De Fernando Namora - Retalhos da Vida de um Médico, transcrevem-se os dois primeiros parágrafos do conto Um Homem do Norte:

"O homem do Norte é, para o alentejano, o galego. O galego que veio de longe, com a sua iniciativa e a sua miséria, desbravar as desoladas charnecas do Sul. as vilas e as herdades cresceram com a ajuda desses emigrantes, e o alentejano, lento, inviolável, não esquece mais o melindre de ter sido empurrado pela perseverança dessa gente que veio de lugares onde um homem, de pernas alargadas, assenta um pé em cada courela. São galegos. Galegos que vieram comer o pão e colher alguns dos frutos da planície imensa, das distâncias sem limites, onde os olhos se dilatam de horizonte e a melancolia cresce como os lagos trigo. Os alentejanos têm na memória os matos que chegavam à soleira da porta, os minguados farrejiais que ninguém pensava em alargar, mas não perdoam que outros tenham colaborado na conquista da terra.
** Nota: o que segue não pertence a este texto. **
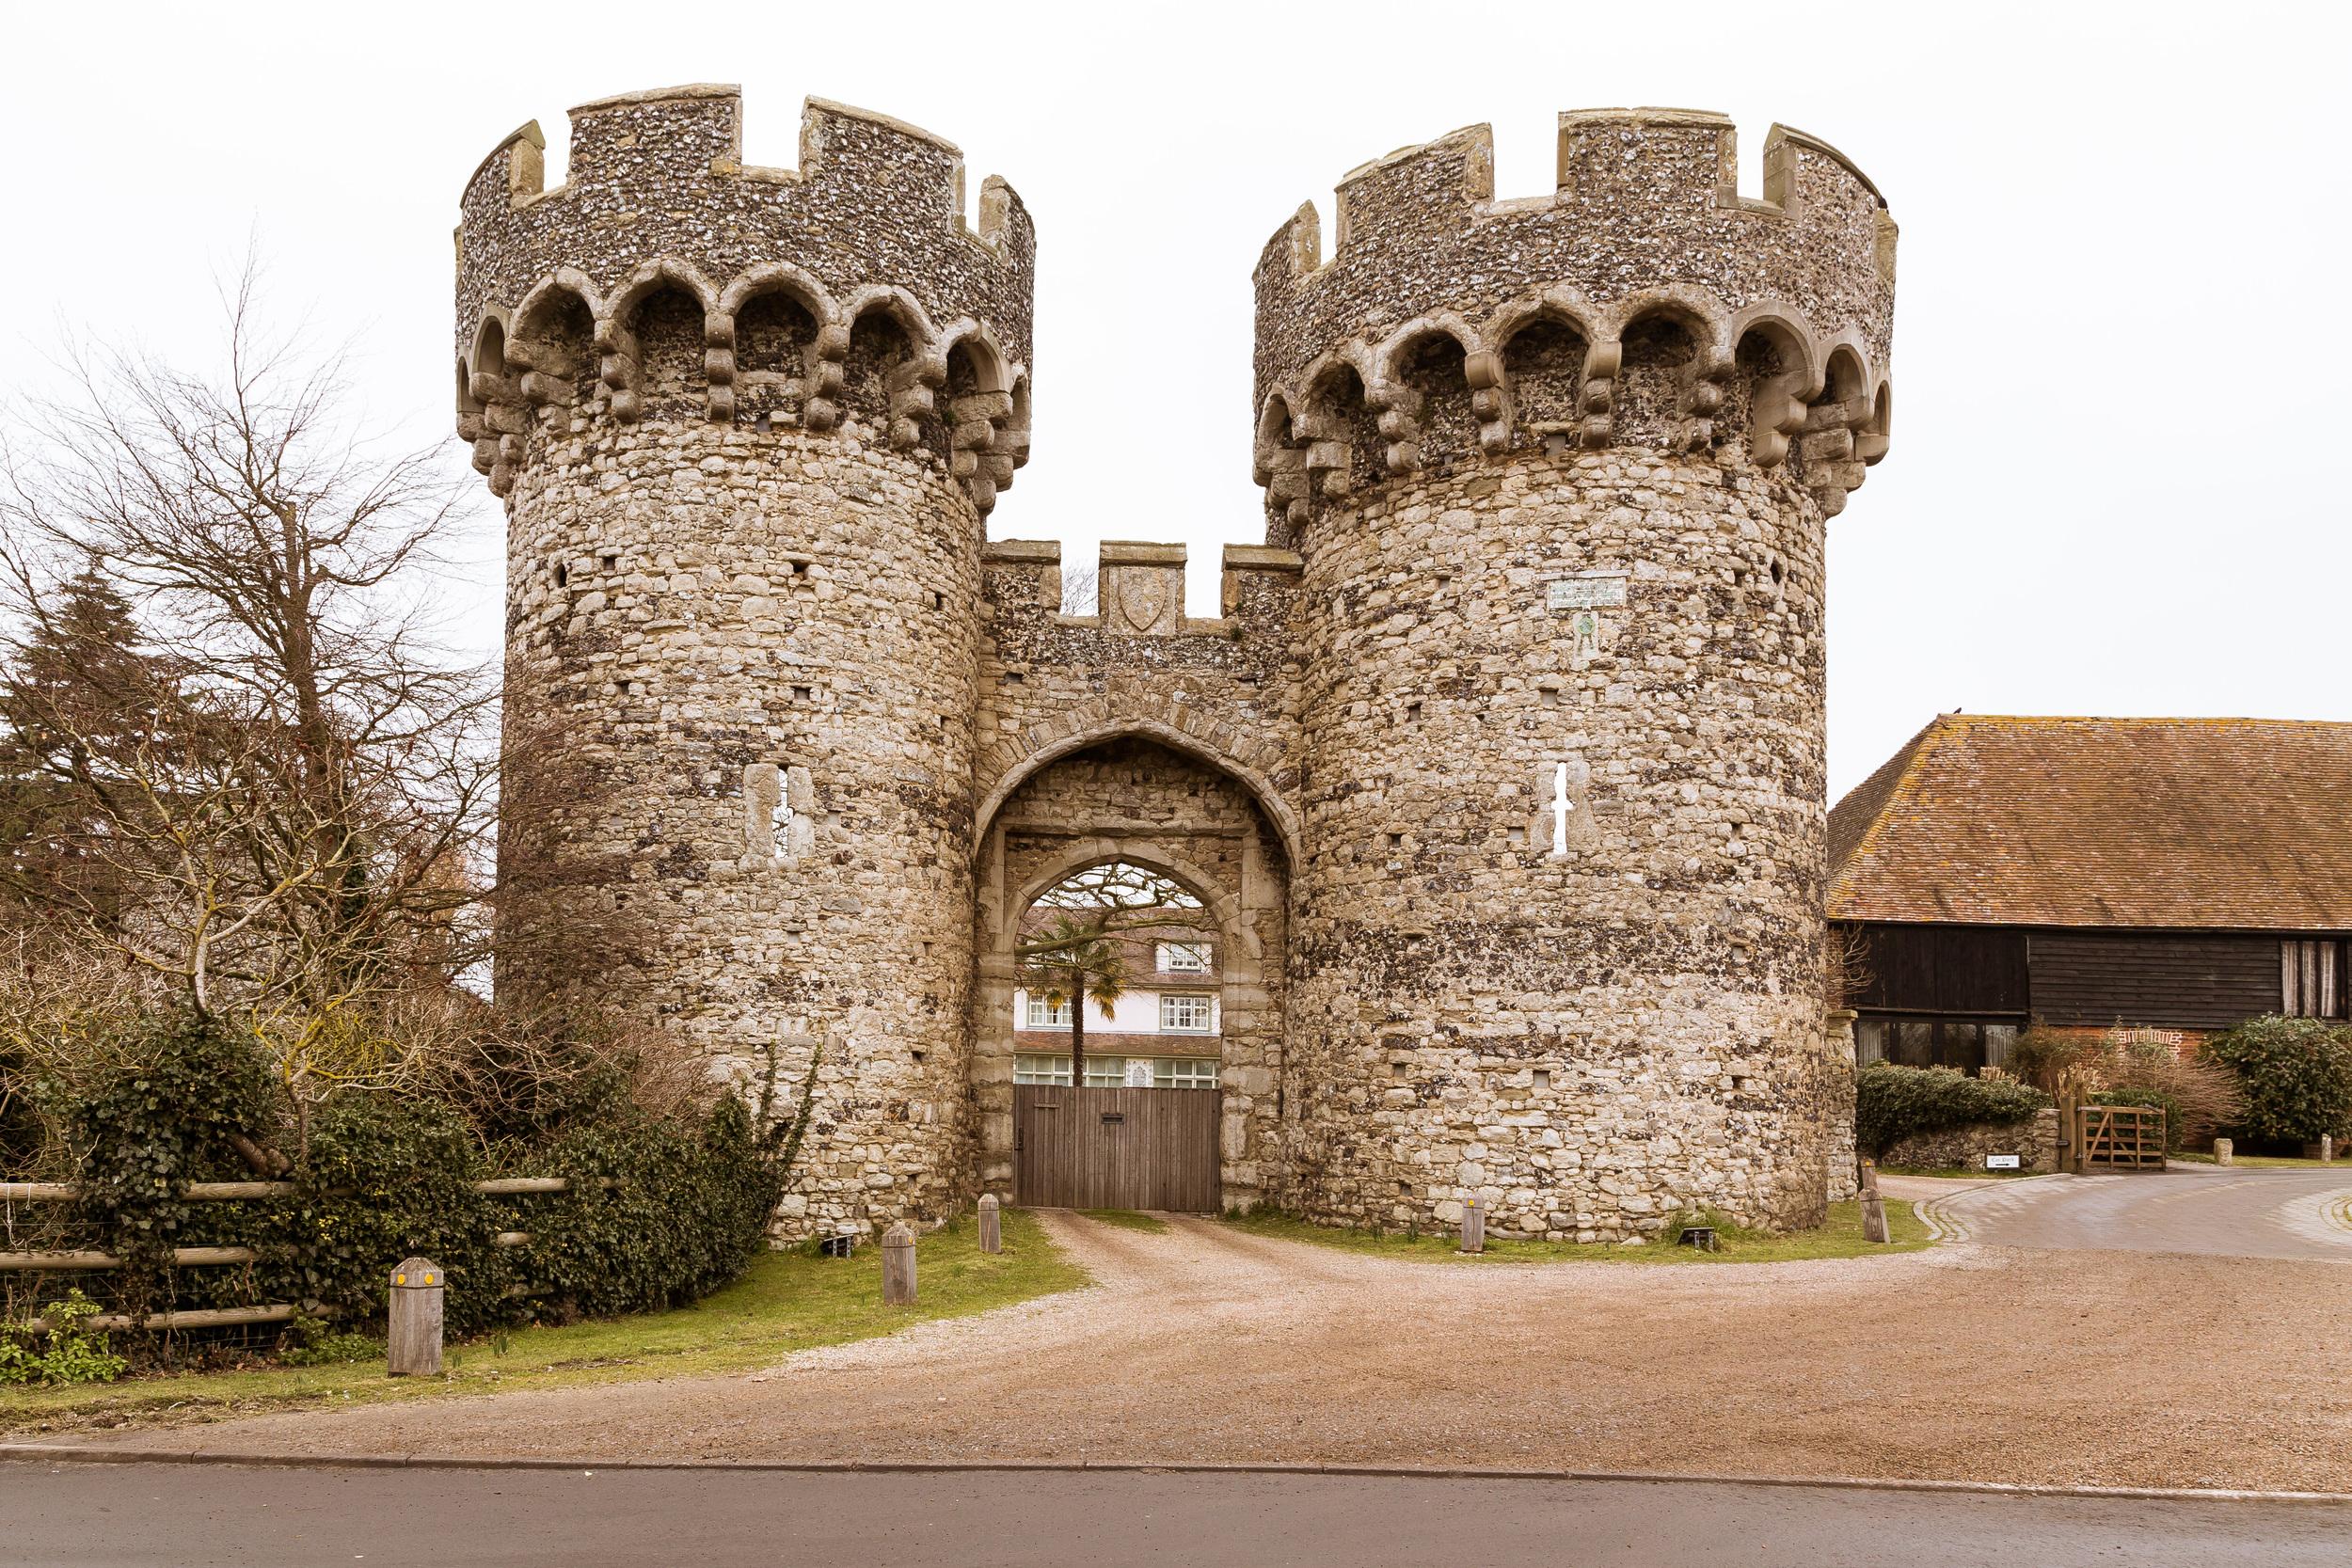 Rob & Nicola - Cooling Castle Barn - Kent - Wedding - Photographer - Edward Solly - Outside1

Ainda hoje, quando chegam os ranchos do norte, já raros, chegam como inimigos: o camponês alentejano encara-os como competidores do salário, o comerciante aborrece esses miseráveis que disputam um centavo, contentando-se com broa e saramagos, que se assustam com a vizinhança de cafés e cinemas; e até o lavrador, que deles precisa e os chamou, vê neles uma raça de servos.

O médico, que é quase sempre do Norte, o professor, e sobretudo o que veio nos tempos da conquista da planície e se fixou, gozando uma posição à custa de nervos e economia, encontraram nos mais inesperados momentos um insulto que representa uma nódoa desgraçada: galegos!"